The storm kept pace with them. They finished together, the rain and them. Soon the low sun came out and cast colors across the far range.
Night took its time. They rested in each other’s arms and watched out her window, softly talking, as much to breathe their scents as trade thoughts. On the sea, he had discovered, sunset was like a light switch, on then off. But here in the mountains the light tarried. The colors seeped like cold honey.
Beneath the quilt, their hands traveled from here to there with no urgency or end, mem
orizing the landmarks on their own, the shape of a hip, the places with hair, the grooves and mounds. Their fingers traced miles along their spines. They had run off with each other. The forbidden country was theirs to own.
Neither had time for this. They had talked about it. They had higher priorities. They were ten years apart in age. He was too old for her by a lifetime. She was barely twenty, practically jailbait. Each was a loner. It was a temporary arrangement, they assured each other. I will leave you, they warned. For now it seemed they could go on forever.
Finally it was dark, night proper. Stars came out. They ebbed into sleep, warm against each other.
Her phone woke them. Miranda reached for it. “Yes,” she said. “Yeah, he’s here, too.” Still listening, she mouthed, “The Captain.”
“He did what?” she finally asked. “But that’s crazy. Don’t we feed them enough?”

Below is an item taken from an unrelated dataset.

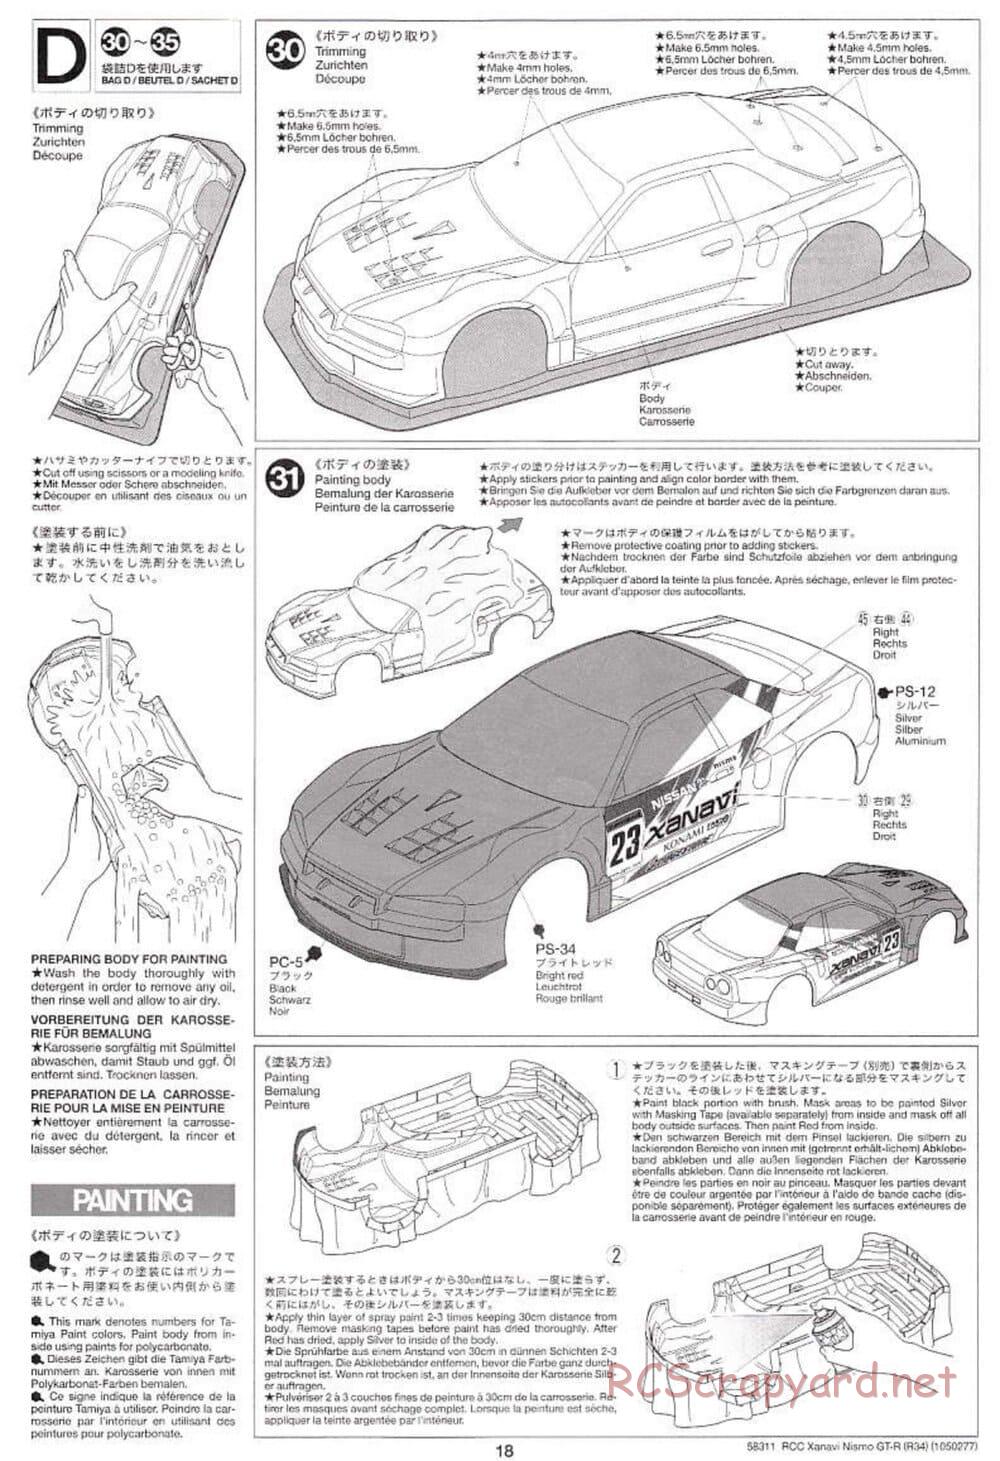 Tamiya - Xanavi Nismo GT-R (R34) - TB-02 Chassis - Manual - Page 18

Them, thought Nathan Lee. Something had happened to the clones. He recalled their escape talk. One of them must have gone for the wall. Which one would it be, Ben again?
Miranda glanced at her clock. “That’s that, then,” she said to the Captain. “We knew it would happen eventually. What’s to say, so what? No one will take it seriously.” The Captain went on. She sat up and bent over the phone, her long back bare. “Is this some kind of joke?” she said. “How could that happen?”
The Captain’s voice went on.
“Never mind,” Miranda snapped, “we’re on our way.”
She hung up. “You’ll love this,” she said, standing to dress. “One of our lost boys decided he’s the savior.” She threw Nathan Lee his shirt. “The word’s out. We’ve got Jesus Christ in a cage in our basement.”
“HERE WE GO,” Nathan Lee said as he and Miranda approached Alpha Lab.